---------- Stored data
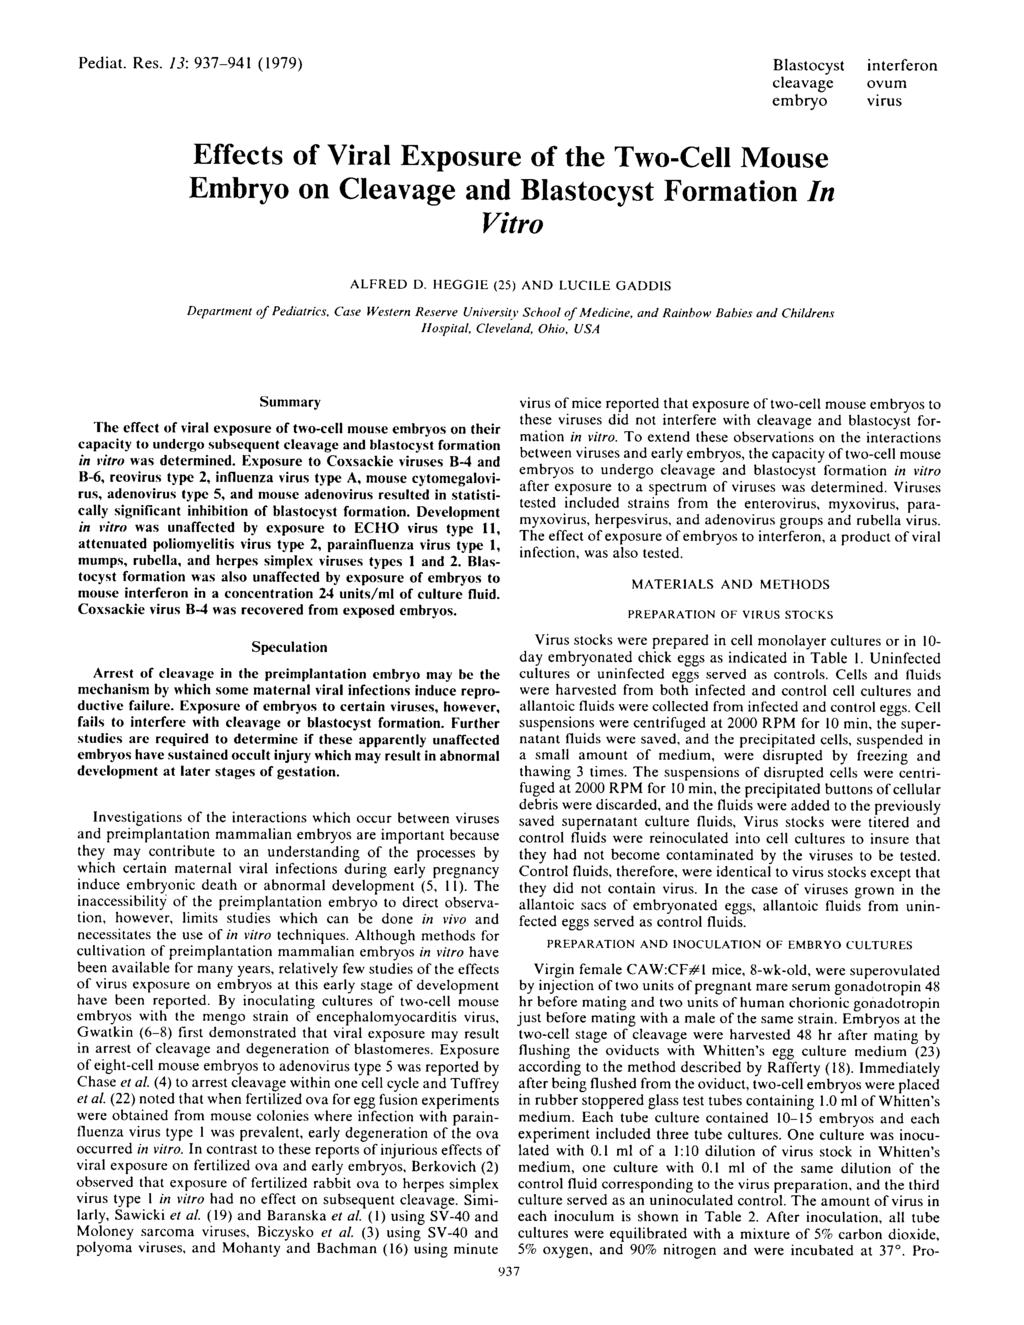 Pediat. Res. 13: 937-941 (1979) Blastocyst interferon cleavage ovum embryo virus Effects of Viral Exposure of the Two-Cell Mouse Embryo on Cleavage and Blastocyst Formation In Vitro ALFRED D.
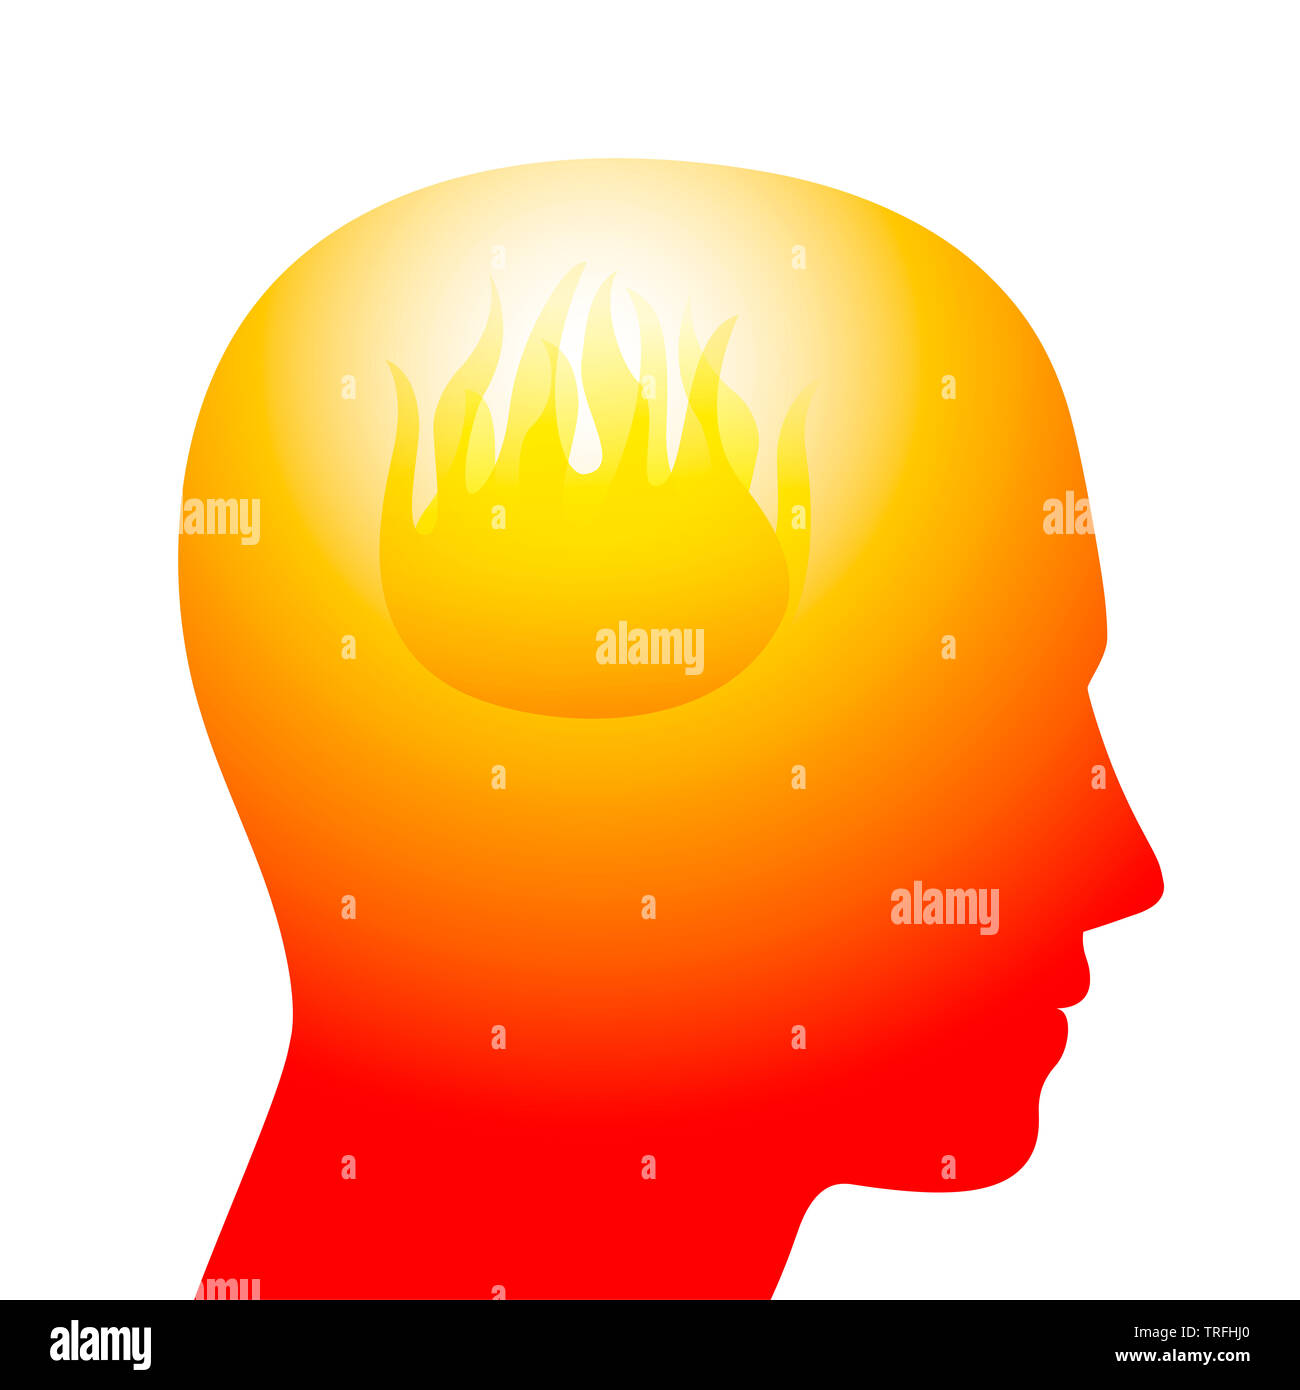 Hothead, firebrand, hotspur. Symbolized with flames in an orange and red head of a young person. Stock Photo
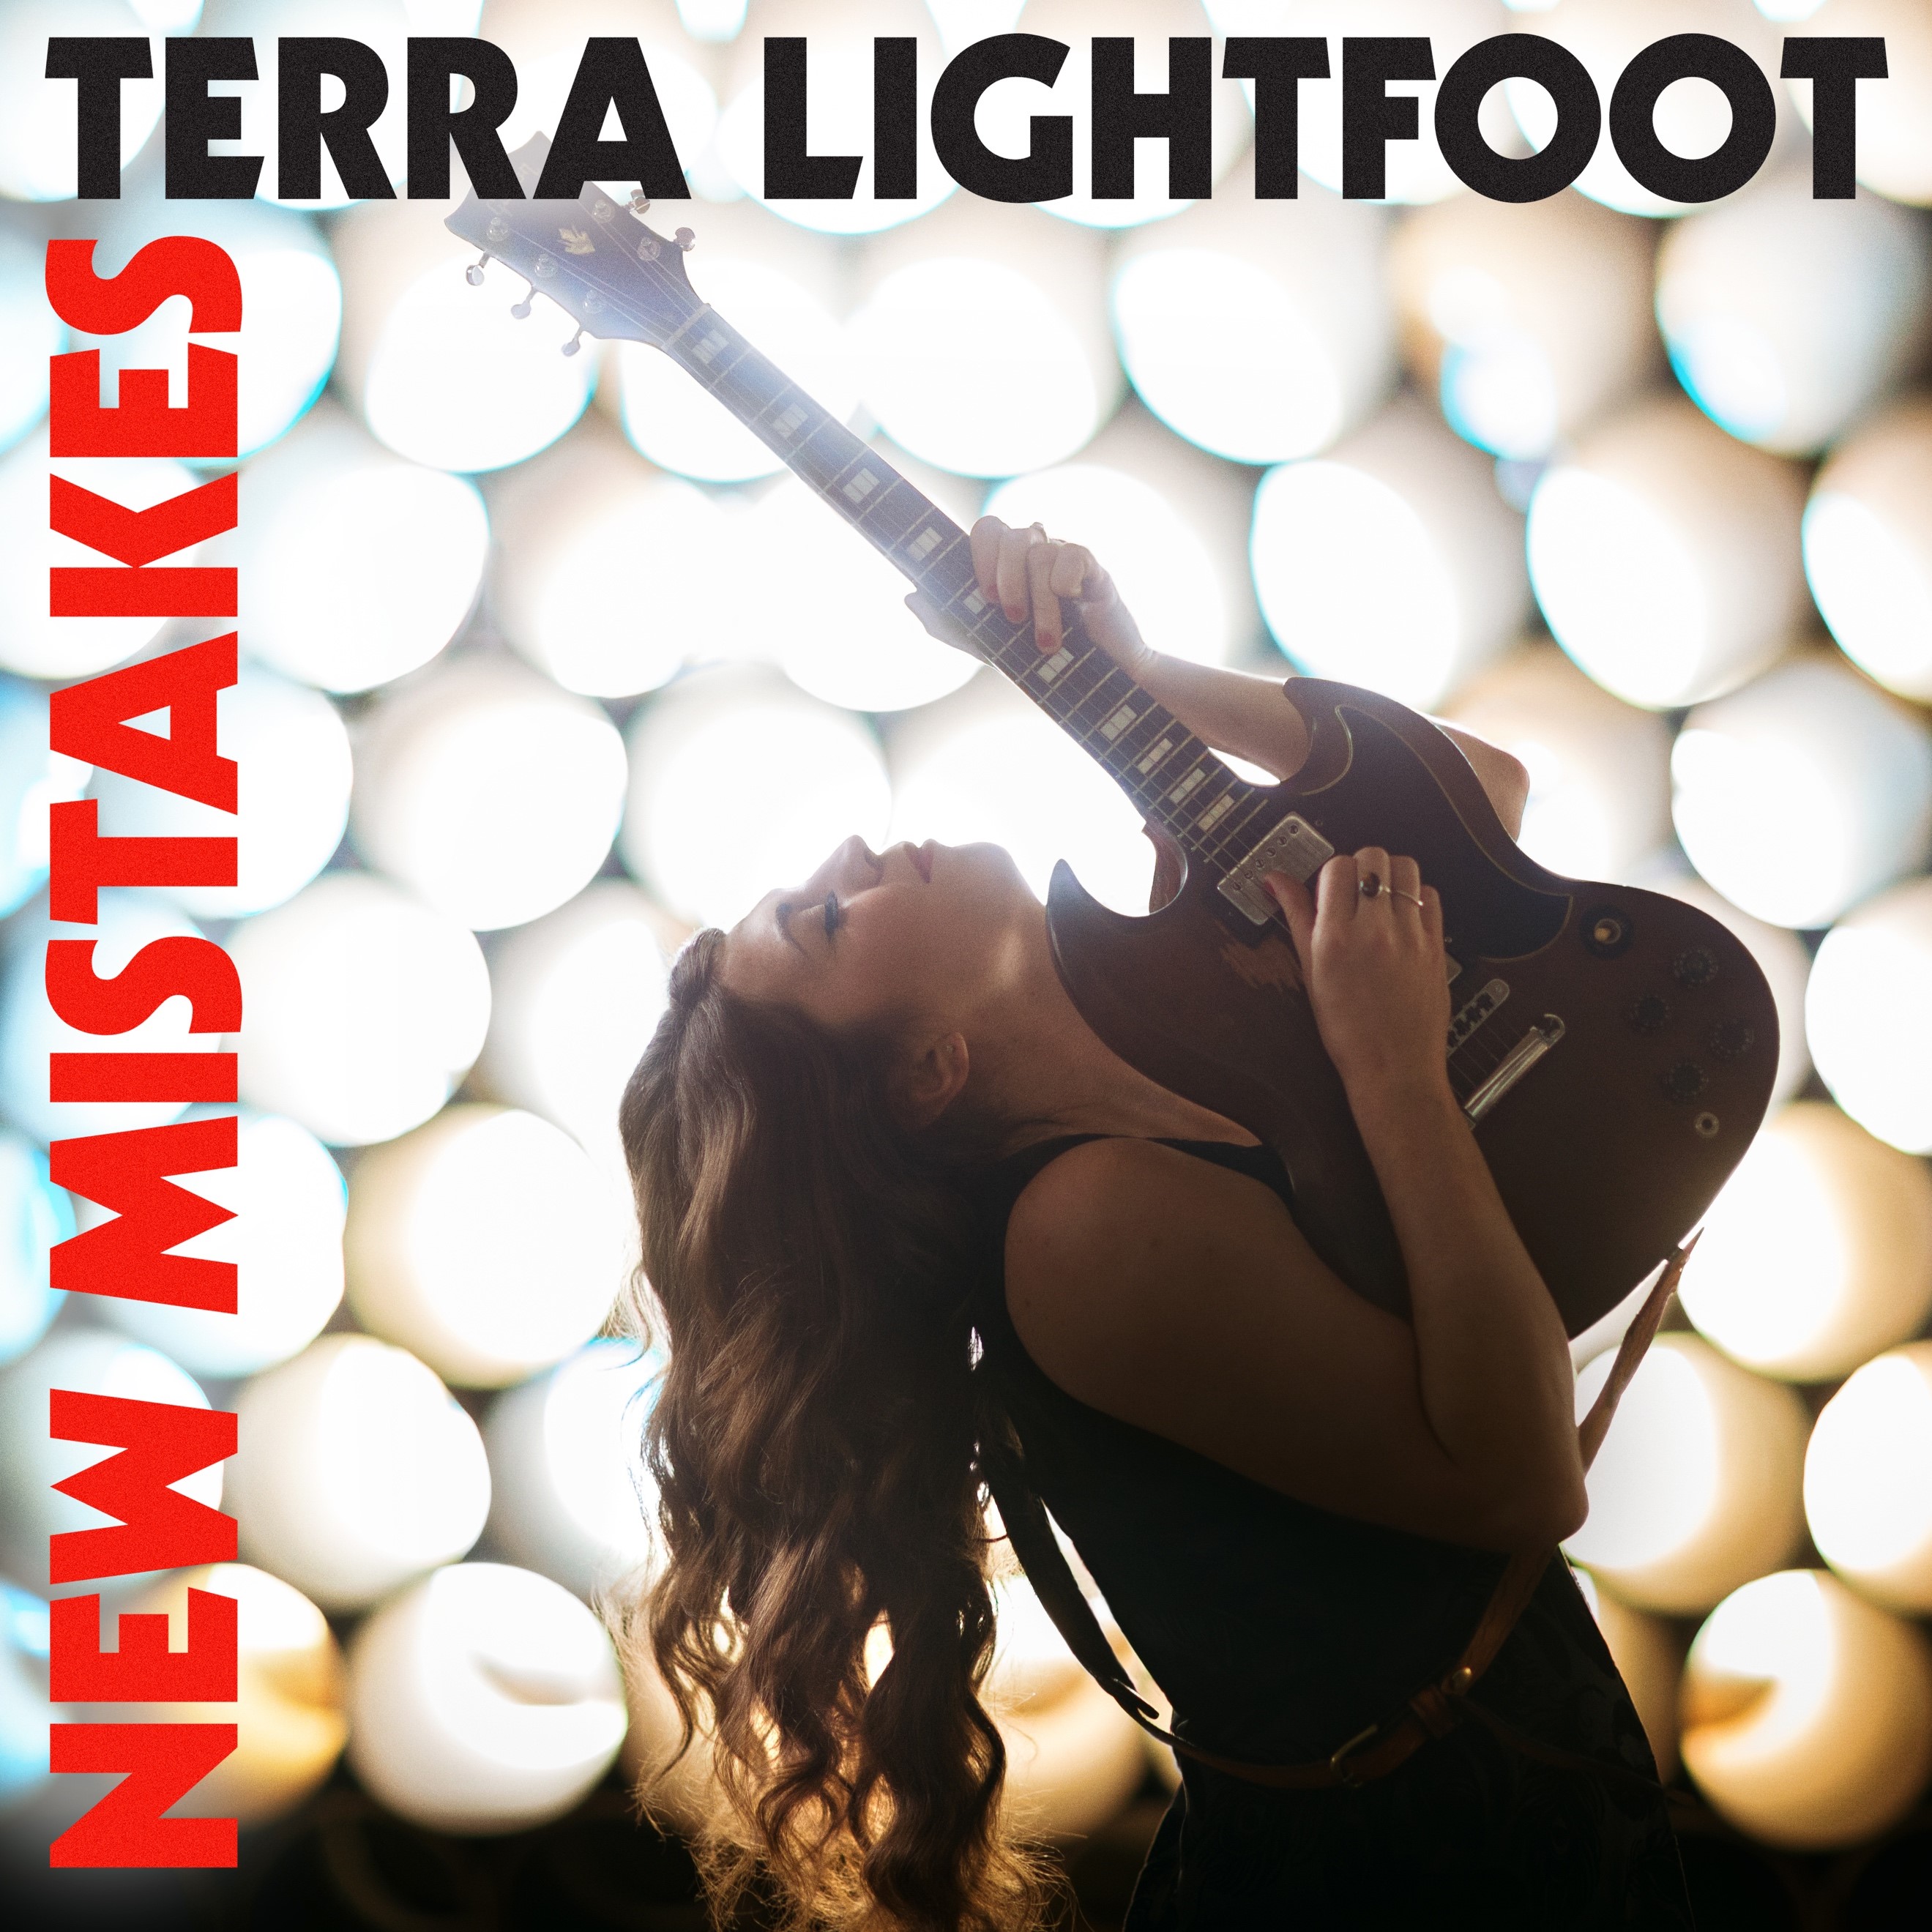 Terra Lightfoot new album out in October
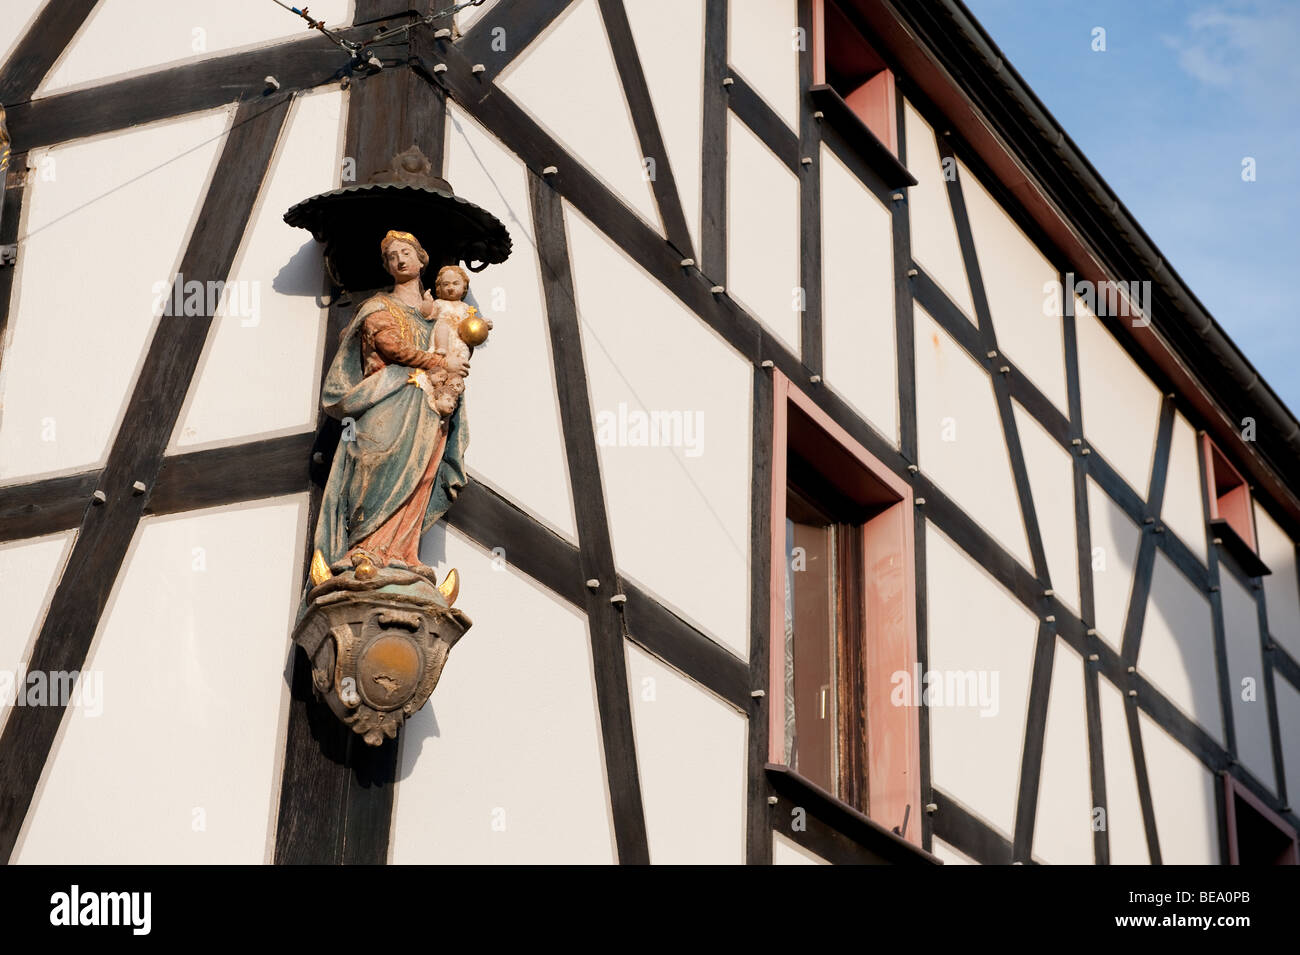 Timber framing house in Ahrweiler Germany with religious statue Stock Photo
--------------------
Assigned task: Write out again every line above exactly as given; the pictures do not belong in the copy.

Answer to this problem:
 Pediat. Res. 13: 937-941 (1979) Blastocyst interferon cleavage ovum embryo virus Effects of Viral Exposure of the Two-Cell Mouse Embryo on Cleavage and Blastocyst Formation In Vitro ALFRED D.
 Hothead, firebrand, hotspur. Symbolized with flames in an orange and red head of a young person. Stock Photo
 Terra Lightfoot new album out in October
 Timber framing house in Ahrweiler Germany with religious statue Stock Photo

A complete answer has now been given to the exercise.